Finally, I went indoors, returning for another look a quarter of an hour later. The light had still not returned. Later still, the sky did grow a bit overcast, and many patches of stars dimmed or vanished altogether, but I never saw the bright light again. Now I'm no longer sure if what I saw was in fact Venus, or some strange celestial phenomenon. The conjunction of the three is to be repeated tonight, not long after sunset, with the moon even closer to the two planets than it was last night. I'll try to remember to go out on time. If what I saw last night was Venus, it was brighter than I can recall ever having seen it. The sight tonight ought to be quite splendid.

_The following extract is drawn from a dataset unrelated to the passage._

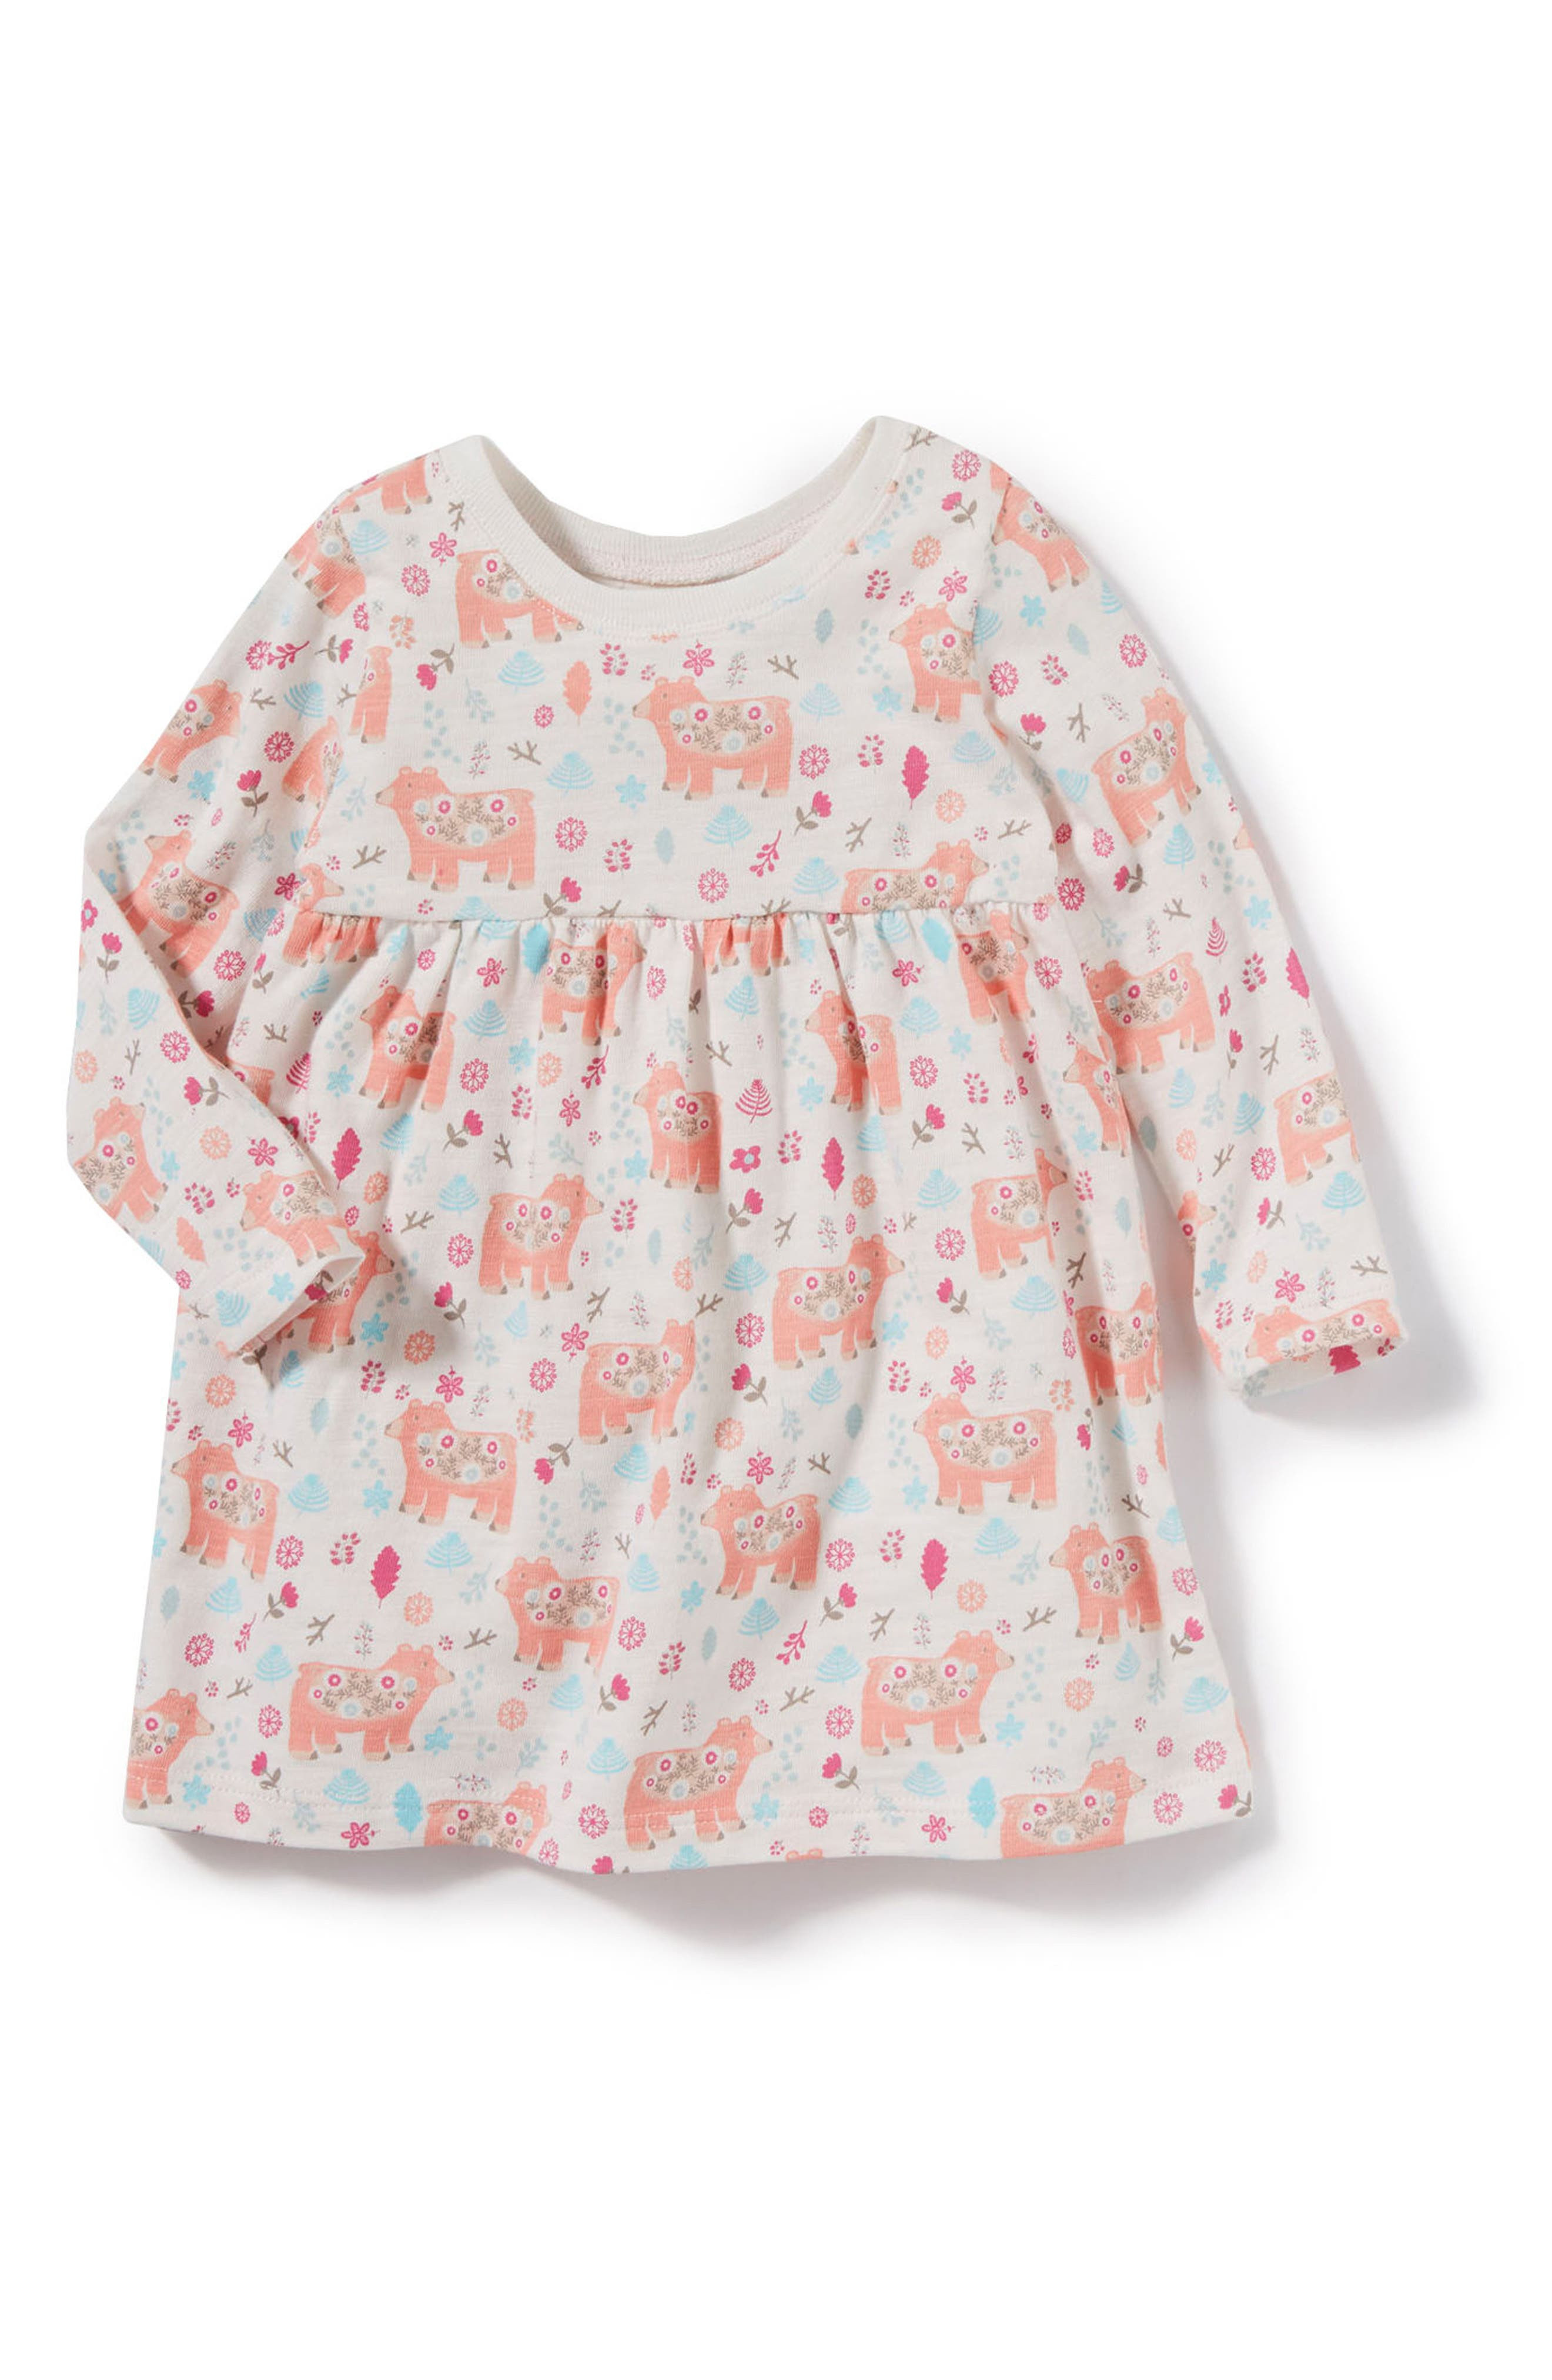 Peek Sloan Dress,                             Main thumbnail 1, color,                             905

It is pleasantly cool this morning, and I hear the sound of lawn sprinklers up the block, and the chirping of the morning birds. The sky remains slightly hazed, but only enough to soften the first rays of the rising sun that are now burnishing the tops of the pines. The air, alas, still smells of gardenias, but I see that several of them are rapidly turning brown. A few even slightly cooler days, and the end of the gardenia season, will be nice. Unfortunately, my spider is still missing. I had hoped that it might emerge from some hiding place, but it appears to be gone forever. I'll miss my tiny arachnid companion.
Here's something (unearthed by scottobear) for any photographers reading: AutoStitch is a fully automatic 2D image stitching application, not yet commercially available, but a free demo version is available from their site. The examples in their panorama gallery are impressive.